The p-value is 0.05145555 for Jones. As p-value is greater than the 0.05, we fail to reject the null hypothesis. The p-value is 0.04911426 for Jones. As p-value is less than the 0.05, we reject the null hypothesis. Therefore, the result is statistically significant for Smith, but not Jones.

C

If we fail to report the P-value and simply state whether the P-value is less than/equal to or greater than the defined significance level of the test, one cannot determine the strength of the conclusion. In the Jones/Smith example, reporting the results only as *P ≤ 0.05* versus *P > 0.05* will lead to different conclusions about very similar results.

Question 6

Code
gas_taxes <- c(51.27, 47.43, 38.89, 41.95, 28.61, 41.29, 52.19, 49.48, 35.02, 48.13, 39.28, 54.41, 41.66, 30.28, 18.49, 38.72, 33.41, 45.02)

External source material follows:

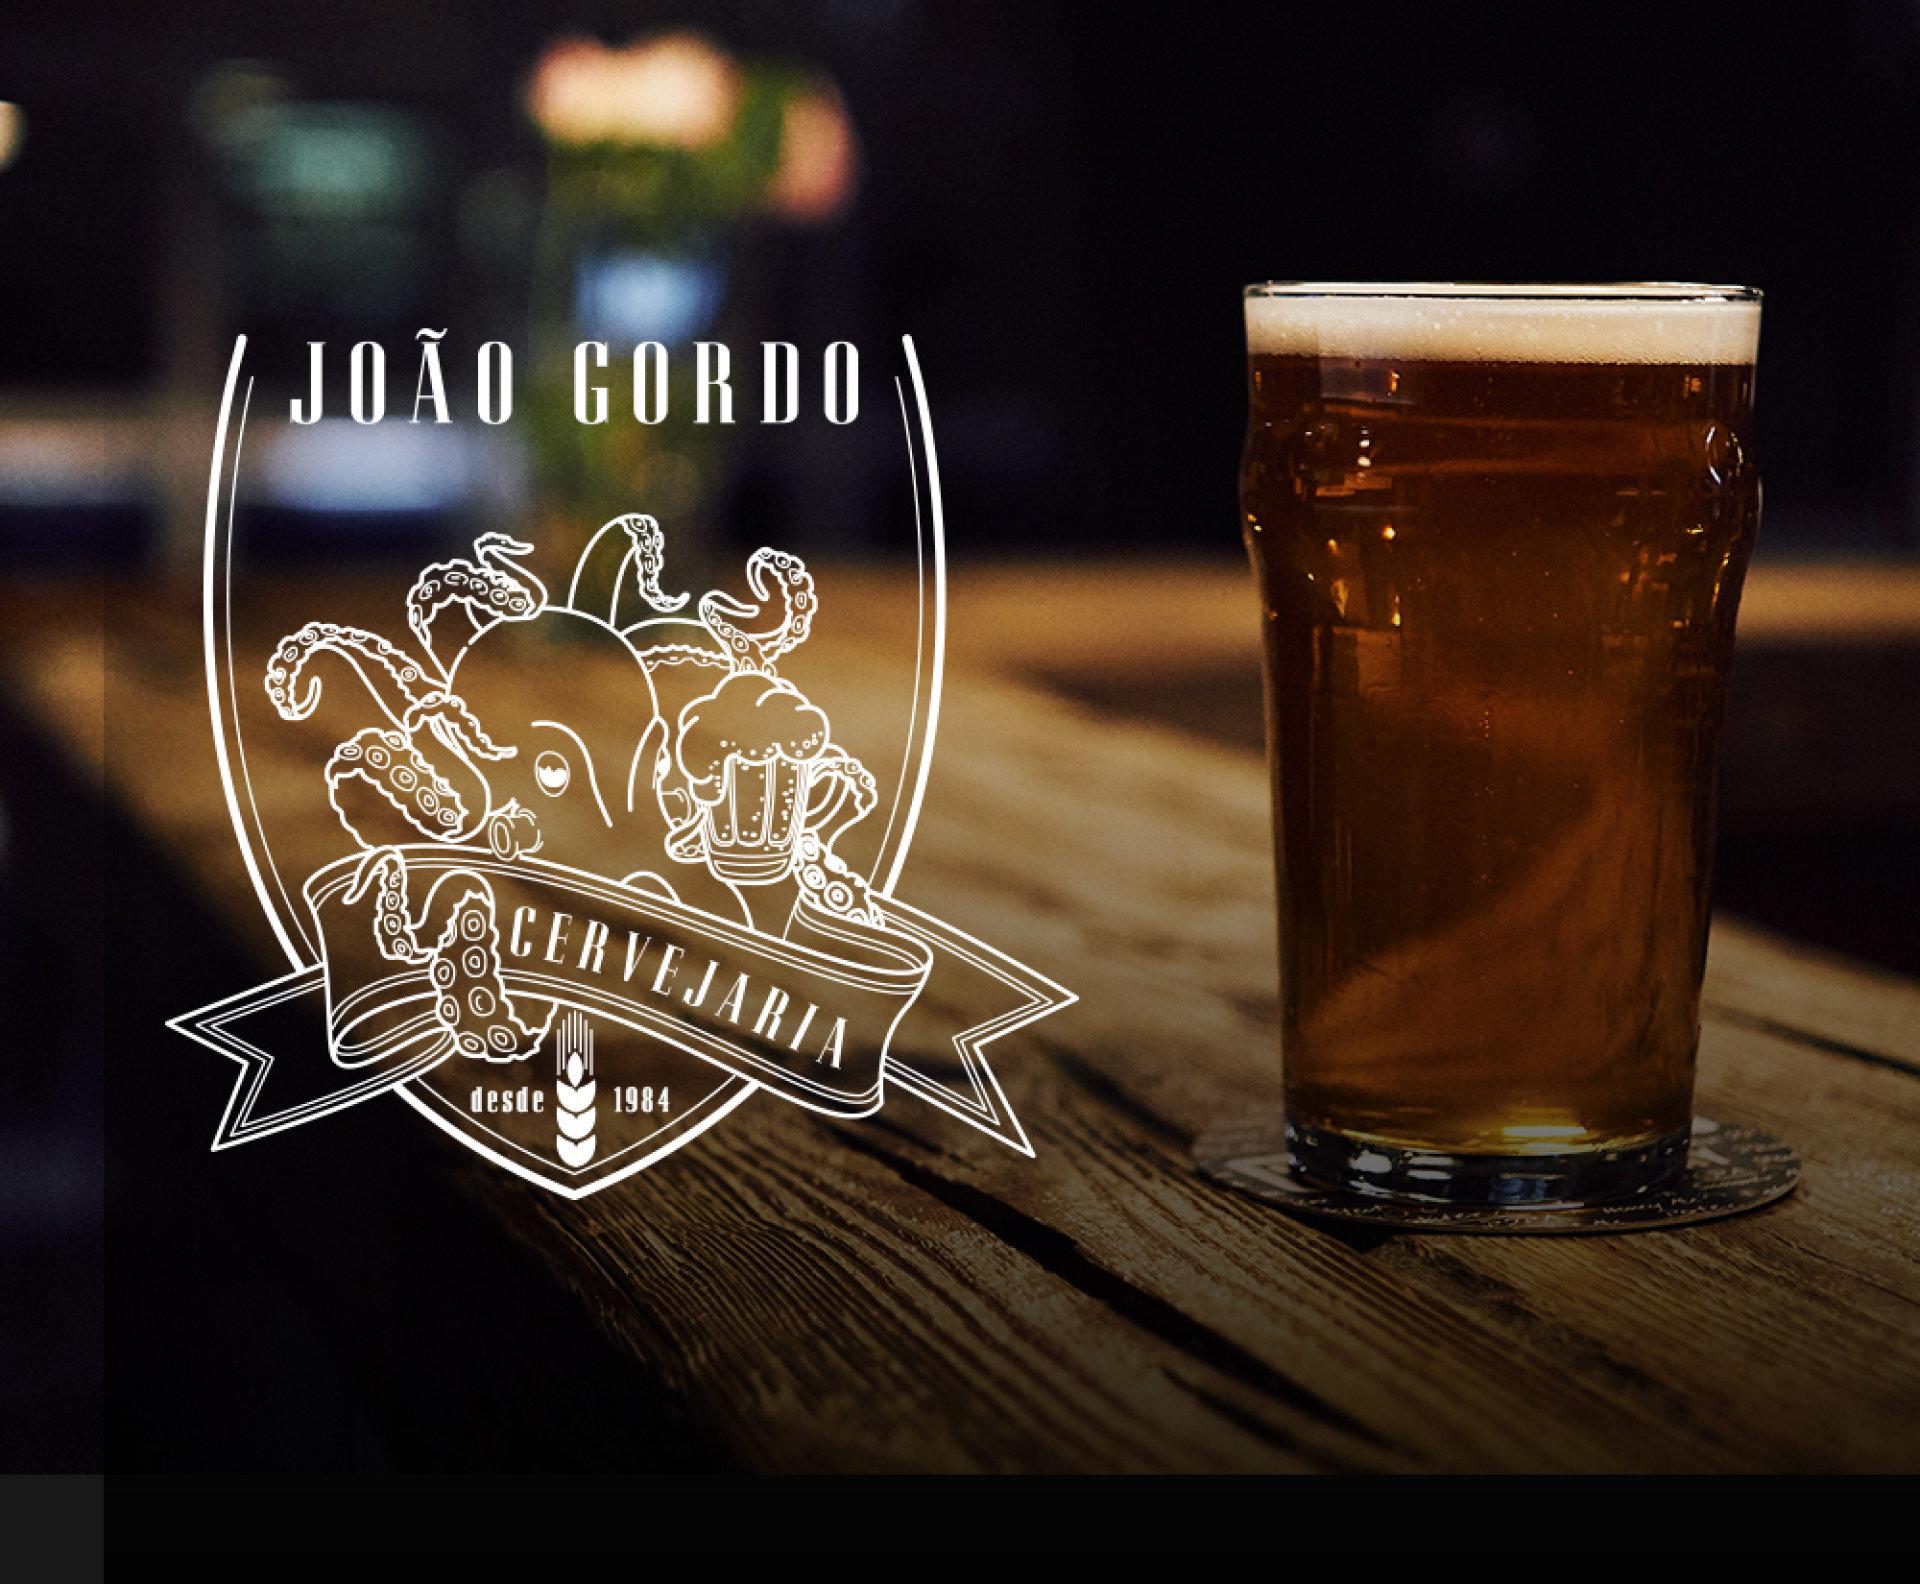 Cervejaria João Gordo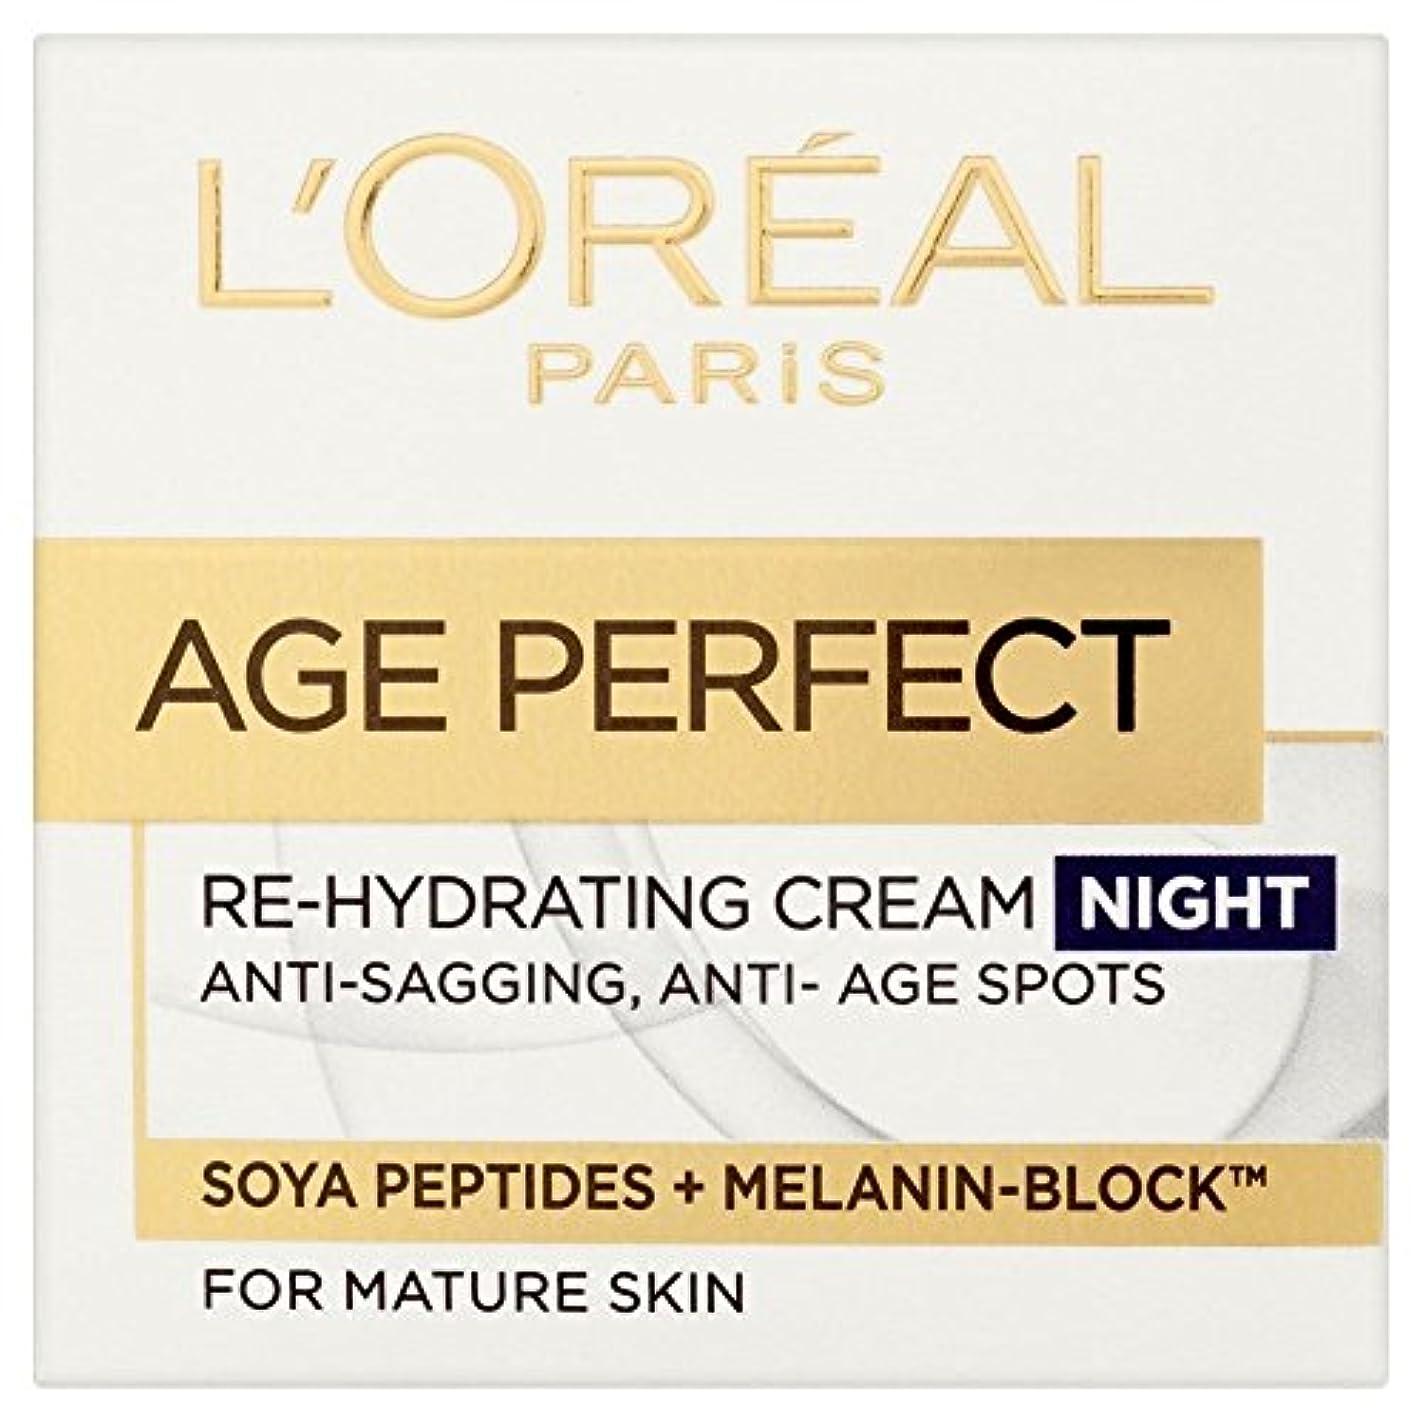 補償ゲートヶ月目L'Oréal Paris Alter Perfekte Pro-Calcium-Stärkende Nachtcreme 50 Ml - Packung mit 2

t.test(gas_taxes, mu = 18.4, conf.level = .95)

    One Sample t-test

data:  gas_taxes
t = 10.238, df = 17, p-value = 1.095e-08
alternative hypothesis: true mean is not equal to 18.4
95 percent confidence interval:
 36.23386 45.49169
sample estimates:
mean of x 
 40.86278 

The 95% confidence interval for the mean tax per gallon is 36.23386 through 45.49169. We cannot conclude with 95% confidence that the mean tax is less than 45 cents, since the 95% confidence interval contains values above 45 cents.